In this vein, with voters scheduled to go to the polls in tomorrow’s crucial Democrat Senate primary in Pennsylvania (and in Senate primaries in three other states) , I thought it worthwhile to revisit several posts I wrote almost two years ago regarding Senator Arlen Specter’s decision to switch from the Republican to the Democrat party.  At the time I suggested that Specter’s switch was driven by electoral considerations, not ideological ones.  He was reacting to polling data indicating he would lose to the more conservative Pat Toomey in the Republican primary, so he changed venues to run in the presumably less challenging Democrat primary.  That switch, I suggested, would not appreciably change his Senate voting habits.  Here’s what I wrote:

“If I’m right, Specter’s voting record should keep him somewhere in the middle of the Senate pack, ideologically, over the course of the next two years.  If my poli sci colleagues are correct, he should move sharply left closer to the middle of the Democratic Senate voting ranks (say, into Dianne Feinstein/Harry Reid territory).   So we can revisit this issue in two years!”

Almost two years have passed.  How well did my prediction turn out?  Not very well at all.  In fact, based on Jeff Lewis’ roll call data, summarized in this chart by Simon Jackman, Specter’s voting record eventually shifted Left after his party switch, toward the middle of the Democrat Senate caucus, very close to Feinstein territory.  (Yes, this chart summarizing ideological placement based on roll call votes does not differentiate between significant and less significant votes, but it is a widely-used marker of relative ideological placement nonetheless.)
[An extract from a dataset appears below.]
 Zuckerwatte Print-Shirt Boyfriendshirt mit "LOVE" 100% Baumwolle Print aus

Why did I suggest Specter’s voting record would not change very much, and why was I wrong? When in the days after his switch Specter was one of four Democrats to vote against the Obama-backed budget resolution, thus appearing to validate my initial projection, I wrote: “So far, his biggest fear is not from the unknown candidate in the Democratic primary (he’s evidently counting on the Democratic Party clearing the field for him) – it’s from his likely Republican opposition in the general election.”
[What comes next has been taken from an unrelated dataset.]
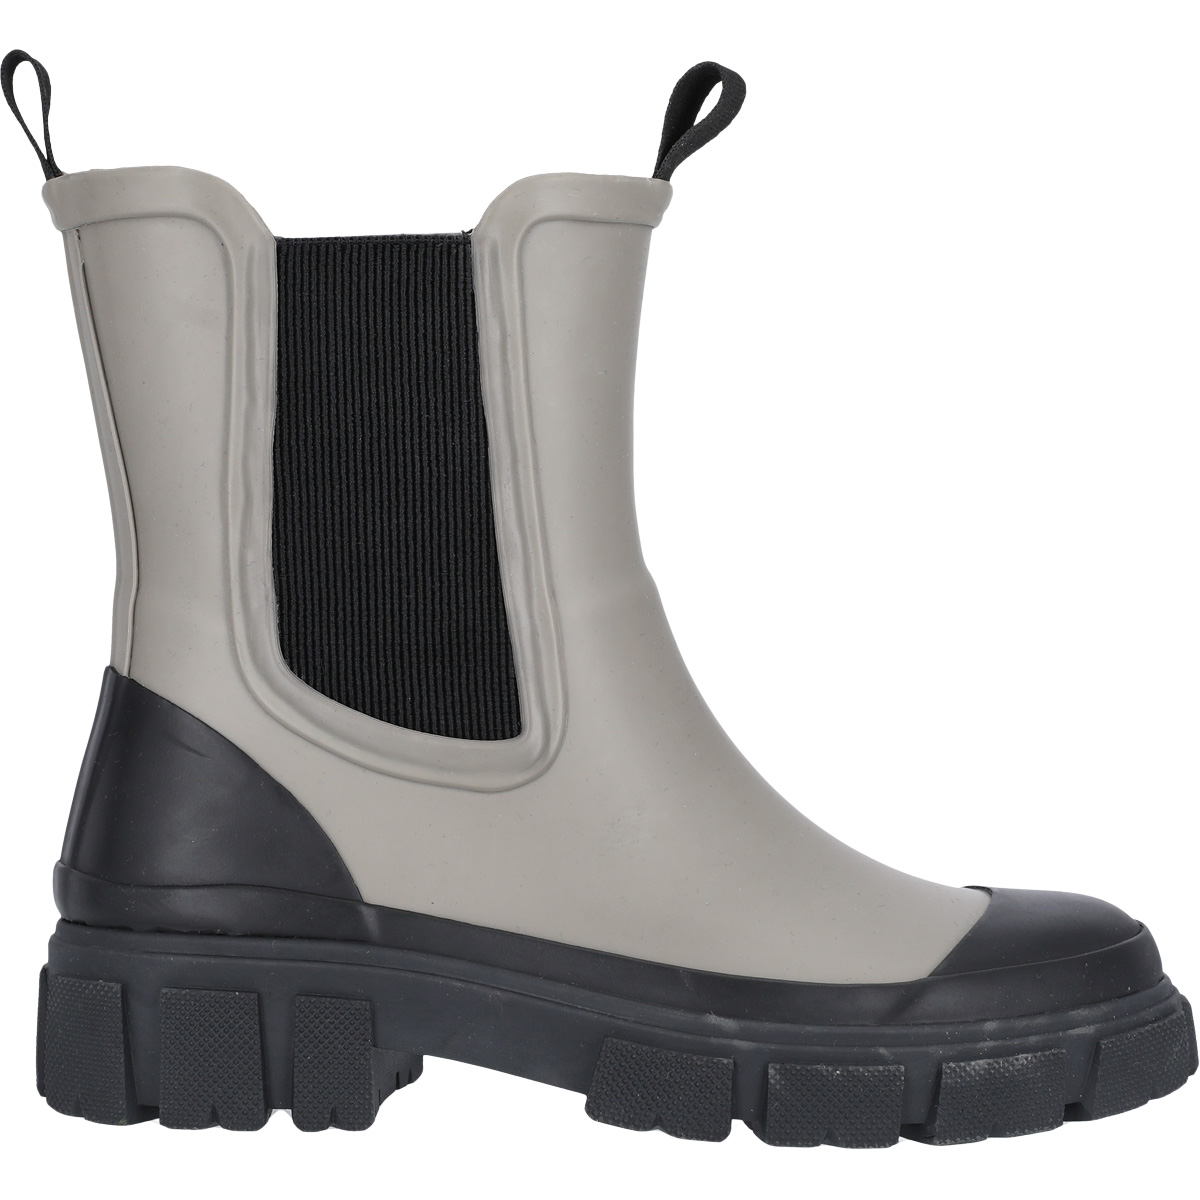 smidig Footpad beslag Gummistøvler til damer - Shop nye dame gummistøvler | SPORT 24

In my defense, then, at the time I made my initial projection that Specter would not change his voting spots, I assumed he was primarily focused on a challenge from the Right, not the Left.  As I warned at the time:  “Of course, if he gets a credible challenger on the Left in Pennsylvania, then all bets are off!”  However, I discounted a primary challenge in the belief that the Obama administration had negotiated a deal with Pennsylvania Democrats to give Specter an open field to the Democrat nomination.
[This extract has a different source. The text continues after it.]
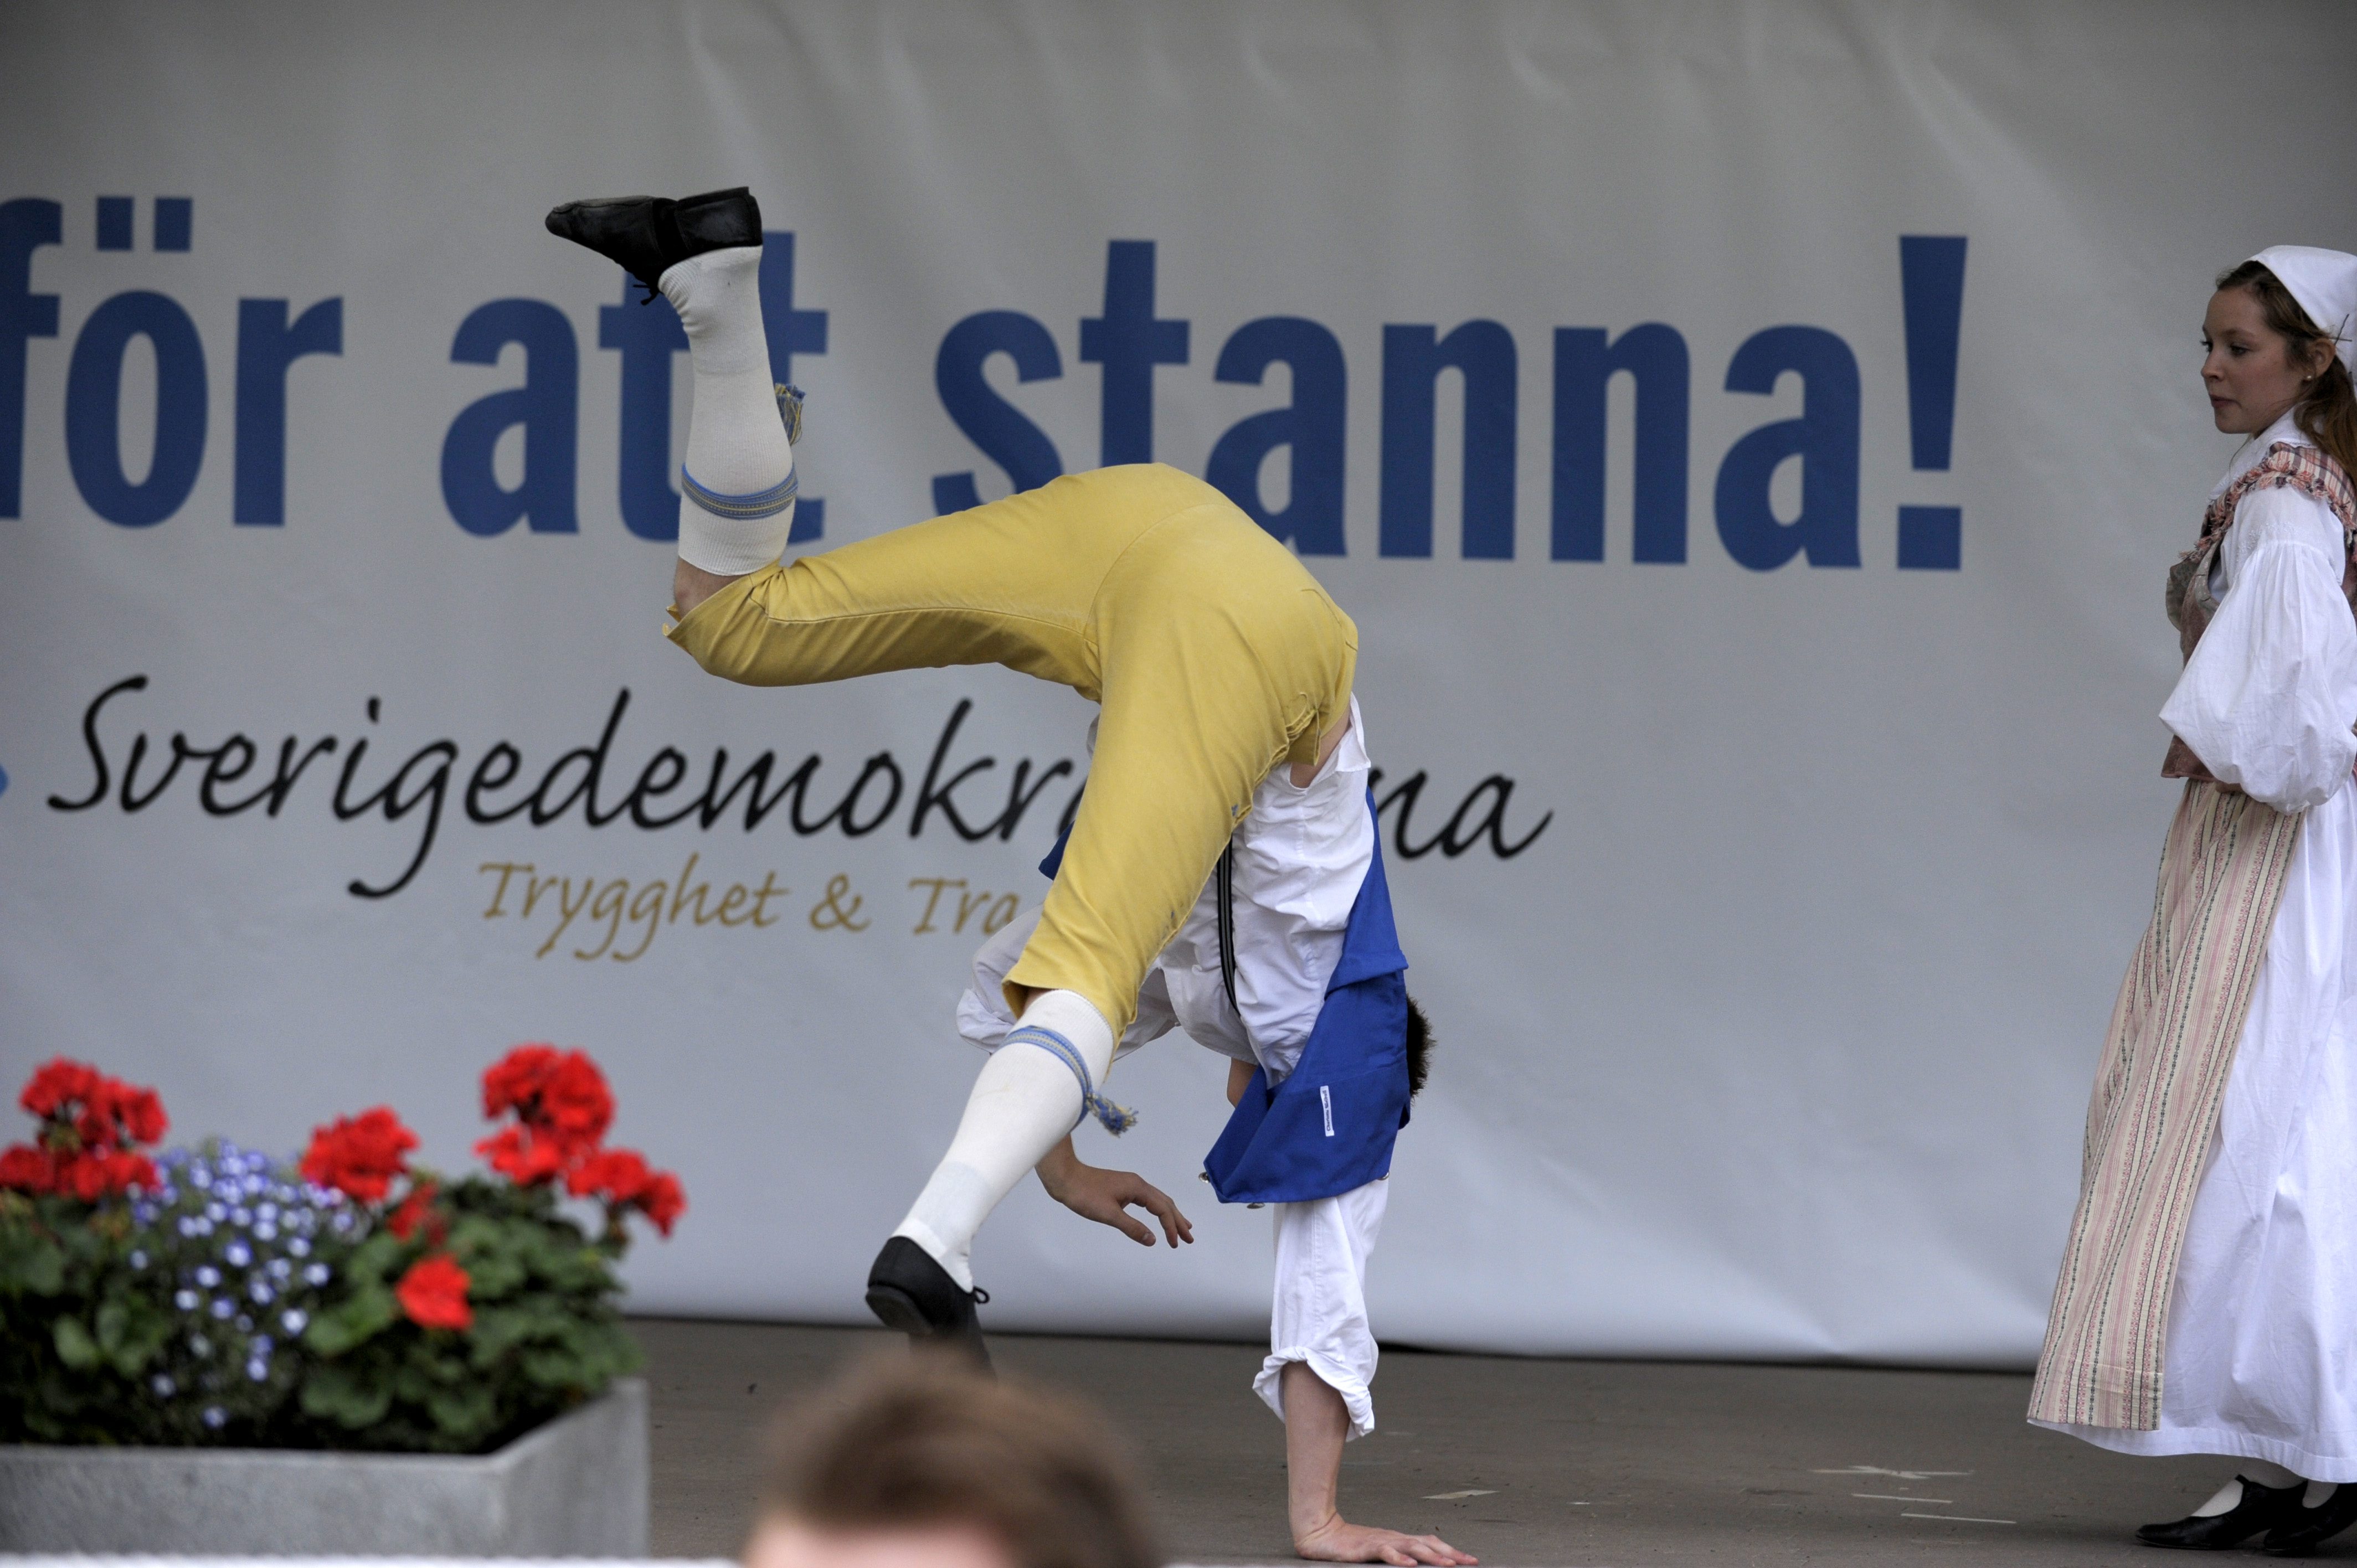 "Här för att stanna", stod det på SD:s backdrop i Almedalen 2011.

That assumption turned out not to be true.  Since Specter’s switch, we have been reminded just how little clout presidents have in local party affairs, and  how the decision to run on the party label for a Senate seat in American politics is no longer controlled by party leaders.  Specter in fact faces a very credible challenger on the Left in the person of Joe Sestak. At the same time, my projection was made before the full scope of the anti-incumbent wave that now appears building in the run up to 2010 became evident. Not only does Specter face a primary challenge – if the latest polls are to be believed, he is in danger of losing! Although Obama has kept his promise to back Specter (and has even run ads on Specter’s behalf), the latest Pollster.com composite polling graph has the Democrat Senate primary in a virtual dead heat between Specter and Sestak.

Now, there are between 10-15% of undecided voters in these polls, so Specter may yet pull this primary out. Nonetheless, this is a far cry from the “open Democrat field” on which I premised my earlier projection. The irony is that Specter’s move left did nothing to dissuade Sestak from opposing him, and yet has likely made it more difficult for Specter to win the general election; even if he beats Sestak in the primary, polls indicate he will lose the general election to the Republican Pat Toomey.  It would have been far better for Specter’s electoral fortunes, I think, had he maintained his traditionally moderate voting record.

There are two important points to take home here. First, Specter’s potential demise – either at the hands of a Liberal Democrat or a Conservative Republican – is another reminder why we have a polarized Senate.  It’s not because voters in a general Senate election are more polarized – it’s because they often are forced to choose between two relatively polarizing candidates.  One could argue that neither Sestak nor Toomey are as broadly representative of the median voter in Pennsylvania as is Specter, but that may not matter if Specter’s not on the ballot in the general election.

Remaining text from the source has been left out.